Recently Rob Bell was quoted as saying some rather provocative things about the church, homosexuality, gay marriage, and the irrelevancy of the Bible. As has been the case for the last few years, whenever Bell speaks there is a minor firestorm that erupts. One of the unfortunate aspects of the firestorm is at some important truths often get lost in the conflagration.
In this case, Bell was making the case that it is inevitable that the church at large will come to accept gay marriage. Bell said, “I think culture is already there and the church will continue to be even more irrelevant when it quotes letters from 2,000 years ago as their best defense, when you have in front of you flesh-and-blood people who are your brothers and sisters, and aunts and uncles, and co-workers and neighbors, and they love each other and just want to go through life,”

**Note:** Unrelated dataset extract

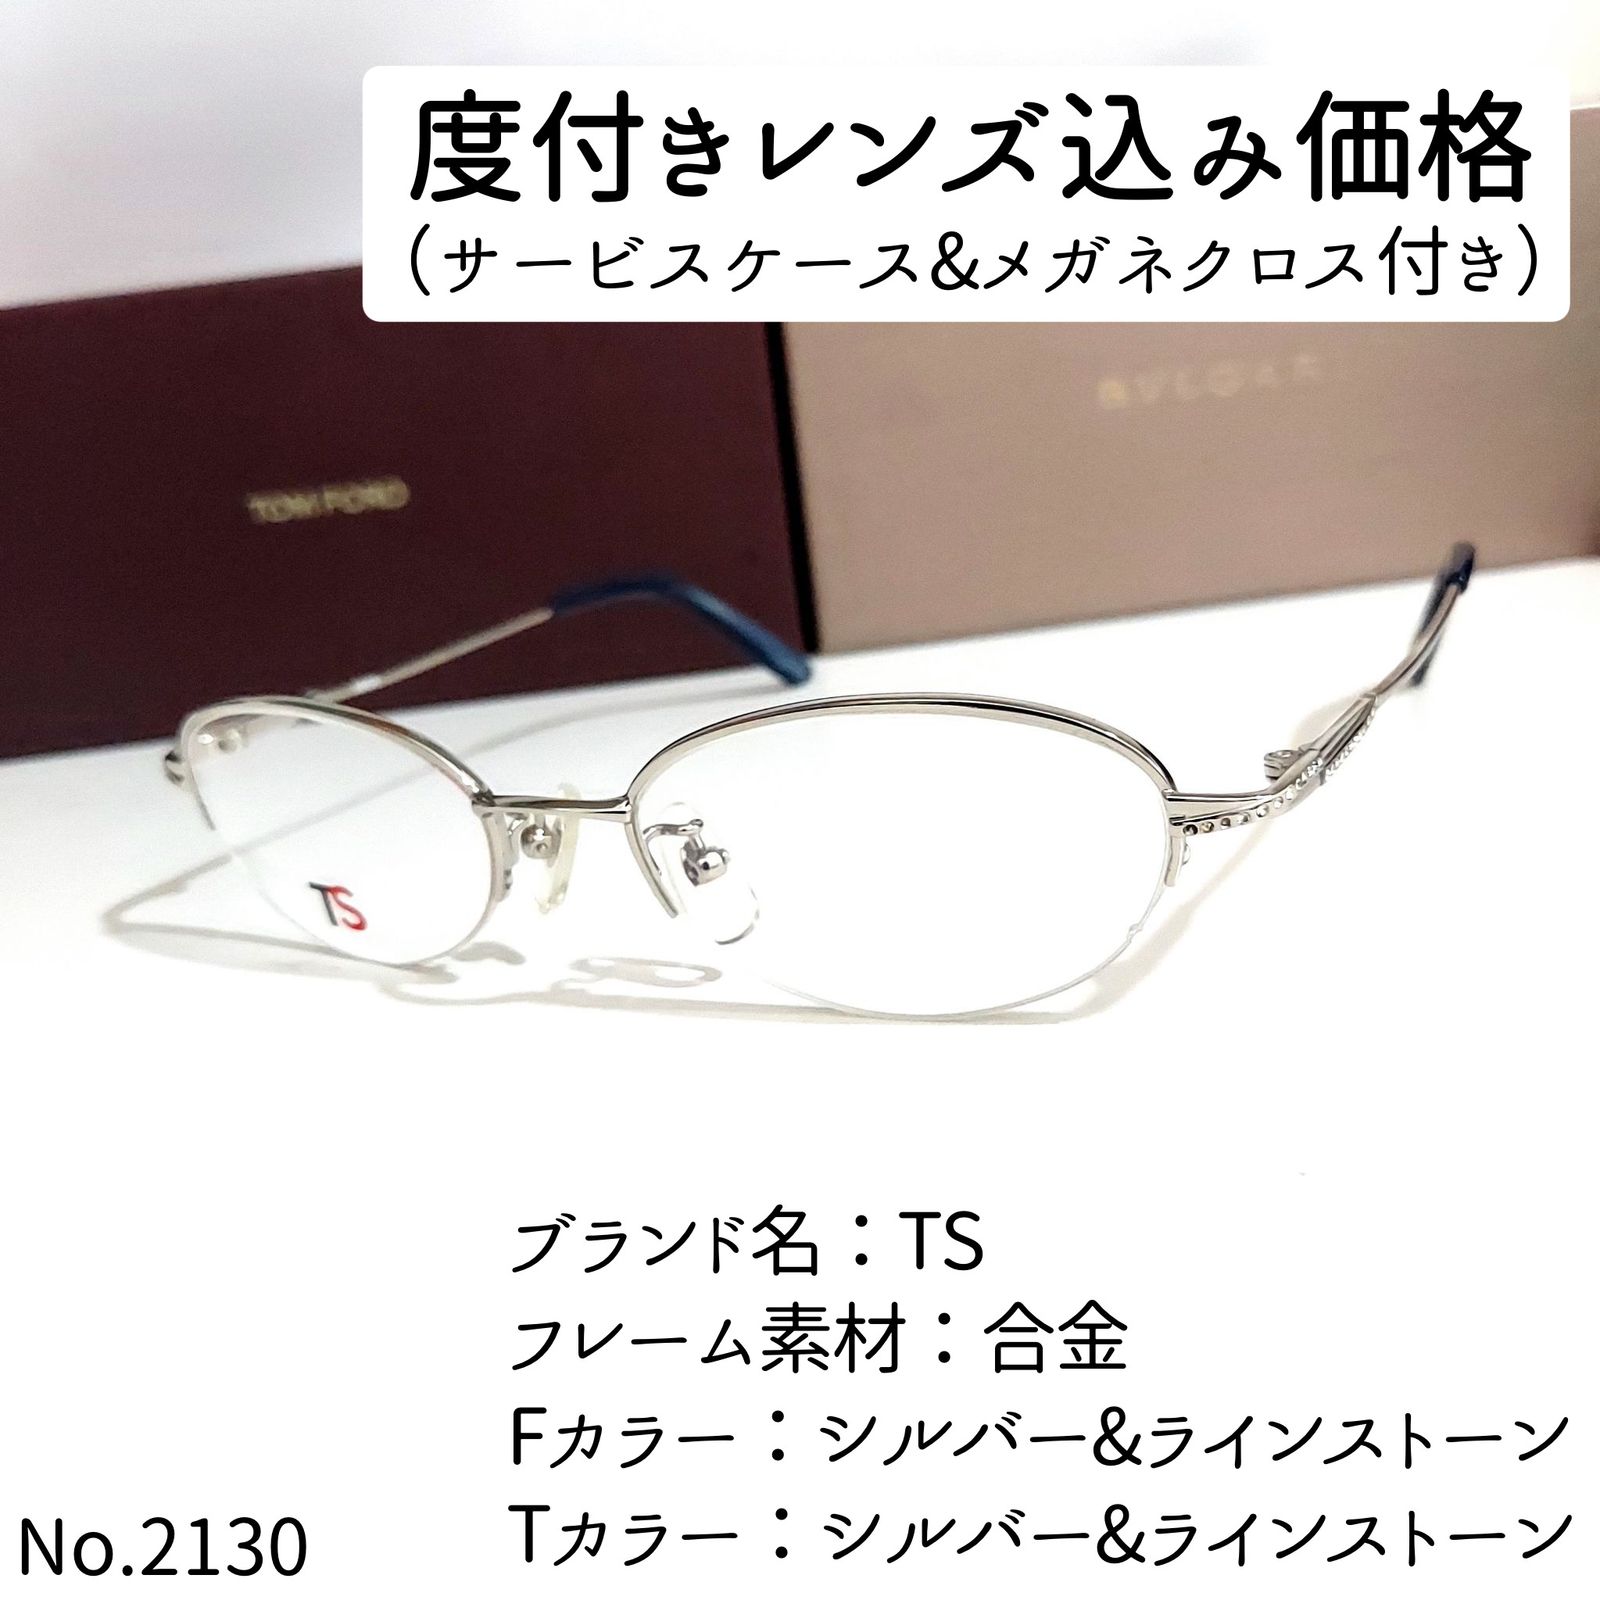 No.2130メガネ TS【度数入り込み価格】-

Without getting into whether or not it is inevitable that the church at large will adopt gay marriage as acceptable and without dealing with the crux of the issues regarding homosexuality, I want to focus on Bell’s statement about the Bible. In many ways it was what most set people off. I can understand that. Here is Bell, a former darling of the evangelical camp, all be it a more progressive strain of it. He was hailed as a preacher and Bible teacher for a new generation. Now here he is pointing out the irrelevance of the very scriptures he made his teaching reputation. The sense of betrayal that Christians feel when one of our own turns on the things we hold dear and believed he taught only adds to the blaze.

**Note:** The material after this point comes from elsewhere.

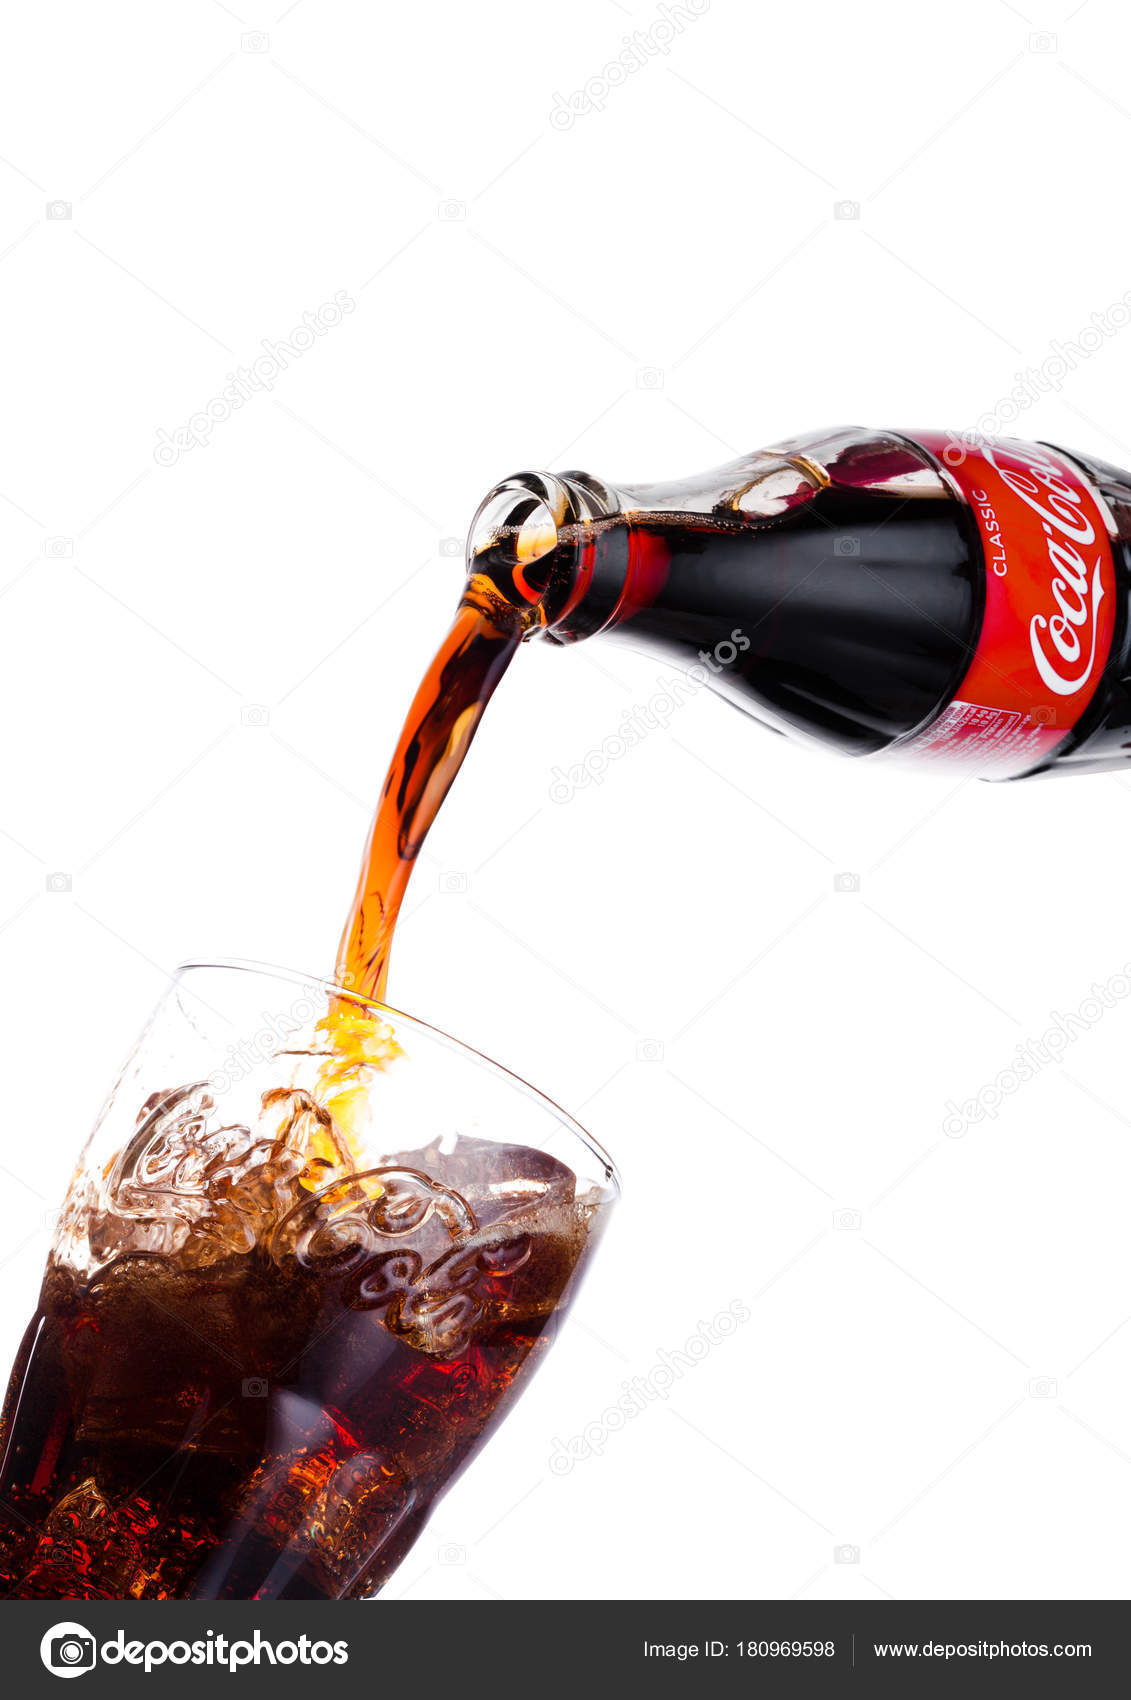 コカ コーラ写真素材 ロイヤリティフリーコカ コーラ画像 Depositphotos

But let’s try to set all that aside for a moment as look at what Bell is saying from the perspective of the secular world we are trying to influence for Christ. When Bell says, “the church will continue to be even more irrelevant when it quotes letters from 2,000 years ago as their best defense” he has a point that we need to hear. If you are a follower of Christ I would hope that all you need is the truth of those letters in the Bible written 2,000 years ago. They are the eternal truth of the Word of God and they have authority in our lives, something every denomination and church from liberal to conservative has in their creeds in some fashion. But if you look at it from the perspective of the person who does not believe the Bible to be the Word of God and to have authority in our lives then yes, quoting 2,000 year old letters carries no weight, it has no influence. People are just not there. It is comparable to a Muslim quoting the Quran to a Christian. The Christian would consider it irrelevant because they do not consider the Quran to have any weight or authority. That is where many people are today and have been since antiquity.

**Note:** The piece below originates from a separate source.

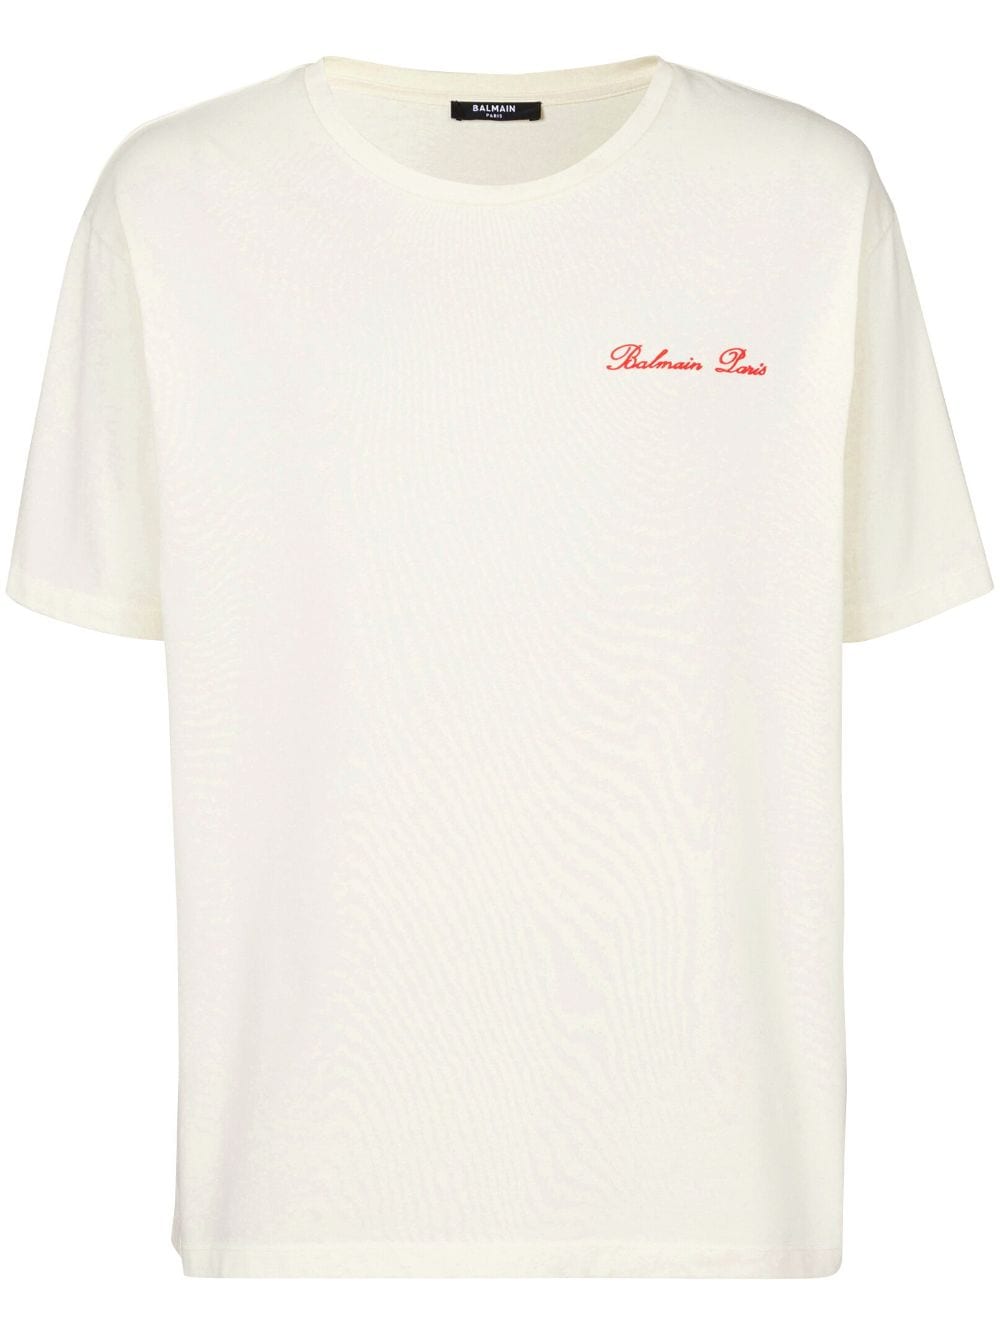 T-shirt in cotone con logo ricamato<br><br><br>

It needs to be noted that the Apostle Paul understood this. In Acts 17 Paul is in Athens, the center of philosophical learning, debate and even academic snobbery. After spending a few days getting a handle on the culture of Athens Paul begins to speak and debate the leading thinkers of the culture. He wants them to understand the Gospel and embrace Jesus as Lord. When he speaks he starts not by quoting the Bible, in this case some things written by Moses and other prophets between 400 and 2,000 years earlier. Rather he begins by quoting a Greek philosopher named Epimenides who lived more than 600 years before Paul. What Paul does is appeal to an authority that his audience would respect and then uses what they already agree to as a bridge to get to the truth of who Jesus is. Simply quoting the Bible to his audience would have gotten Paul nowhere fast. He was not denying the Gospel. He was being wise in how he presented it in order to best communicate with his hearers.
Bells says that if we are quoting the Bible as our best defense we are going to be increasingly irrelevant. He is partly right. Ultimately the Bible is our best case for the truth of God. It is living and active and sharper than any two-edged sword and will cut between bone and marrow, to quote Hebrews 4:12. But it is not our only tool and it is not always the first one we should use. For Christians to truly impact the world and people in it we need to understand what they hold as authoritative. What carries weight with them? What truths are to be found in their thinking that lead to the truth of Christ found in the Bible? Those truths are there. Paul says in Romans 1 that the knowledge of God is present within every human being but we suppress that knowledge to follow gods of our own making. That residual knowledge makes itself known in various ways, in little truths and in the yearnings in the hearts of men and women. We need to be students of the culture like Paul was in order to show people exactly why the Word of God is their best hope for finding truth and living life as it was meant to be.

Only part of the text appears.